LAKE OZARK, Mo. — Sisters Heather Gilion and Holly Snell describe the loss of their husbands — James Brill and Scott Nesbitt — on Aug. 1, 2000, like it had just happened.
The two women recounted their story at the Missouri Baptist Foundation Annual Conference Sept. 16 at the Lodge of the Four Seasons in Lake Ozark, Mo., and they described God’s care and faithfulness in their lives for the 14 years since.
They wrote a book about their experiences in 2010 — “Dancing on My Ashes” — and they signed it for conference attendees following their presentation.
Back in 2000, Scott and Holly had opened a Christian camp in Vermont just a month earlier as a means to reach out to young people. James and Heather had made a trip to Vermont to assist them as camp counselors.
On Aug. 1, the two men left to find a daylong canoe trail safe enough for teen campers. They didn’t return for dinner as they had planned and an all-out search began by the next morning into the nearby woods and along the streams.
Later on Aug. 2, word came that the bodies of the two men had been found. Scott had a gash on his head, prompting authorities to conclude that he had slipped on wet rocks at river’s edge, struck his head and that James had died trying to rescue him.
Both were found floating in the river in life jackets.
“I ran one direction and Heather ran in another,” Holly said, describing their immediate reactions.
“I was on my knees in the wet grass; I don’t know how long,” she said. “Something supernatural happened in my life; I started proclaiming who he is. I knew God is good; he’s proven it over and over again.”
Heather acknowledged she had run in the opposite direction, both literally and spiritually. She recalled the loss of their Baptist pastor father unexpectedly just eight months earlier.
When that happened, “it rocked my faith,” she admitted. Then came the tragic deaths of her husband and brother-in-law.
“I became so bitter so quickly,” she said. “It affected me in every area of my life. I was so mad at God.
“Holly was kneeling in the grass worshiping him, and I was ready to have it out with him,” she said. “I was ready to be done with him. I looked up, and I knew he was waiting for me,” she recalled. “I said, ‘No, you can’t comfort me.’”
Here were two men dedicated to God and trying to serve him, she thought. “I was so angry and so hurt.”
Still, on that hillside, she could feel his attention on her and realized that God loved her.
That was her crossroads moment,” she said.

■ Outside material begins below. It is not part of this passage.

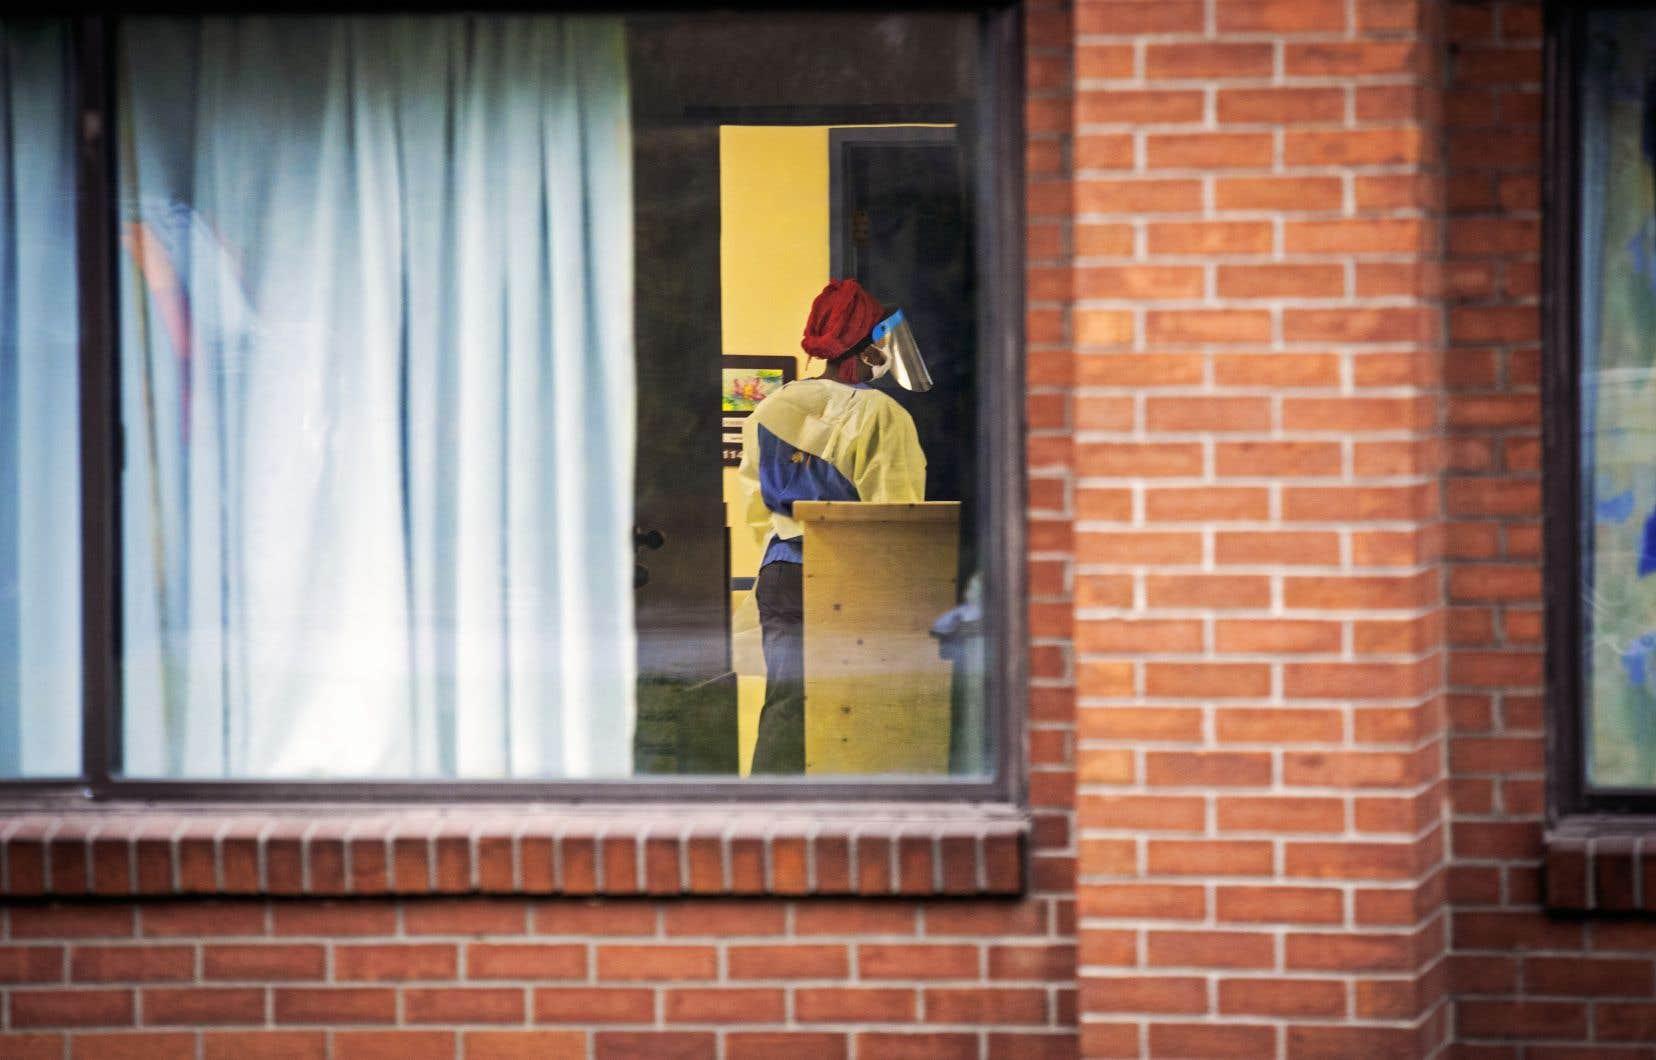 L'enquête de la coroner se penche sur les décès de personnes âgées ou vulnérables survenus dans des milieux d'hébergement au cours de la pandémie de COVID-19, qui comptent pour la moitié des victimes de la première vague.

“I had to humble myself and say, ‘God, I don’t understand; I may never understand.”
But she understood “that he loved me and that he desperately wanted me to know that.”
“I prayed, ‘Lord, I need you. And he has been more than enough,” she said. Holly acknowledged God cares for his children in every circumstance. “He sees us in our brokenness and in our victories,” she said.
Both of the women have since remarried.
Holly, the mother of 2-year-old Emma when her husband Scott died, said God brought someone into her life and her daughter’s sooner that she had anticipated.
She met Aaron Snell, and less than a year-and-a-half after the fatal accident, she became Heather Snell. They have had two children together, son Malachi and daughter Ava.
Today, Heather Brill is married to Dallas Gilion. She had known him for a couple of years before she realized he had an interest in her.
In late 2004, Jim Brill, her first father-in-law, walked down the aisle and presented her to her new husband. They have two sons, Noah and Zechariah.
Today, Aaron and Holly are planting a church in the Dallas suburb of McKinney, Texas. Dallas and Heather are part of a team that planted LifePoint Church in Ozark, Mo. Dallas serves as an elder.
The release of their book about four years ago has opened up other ministry opportunities for the two women to share their story. They help lead worship at retreats and conferences, and they often are accompanied by their husbands. Aaron plays the piano, and Dallas is a guitarist.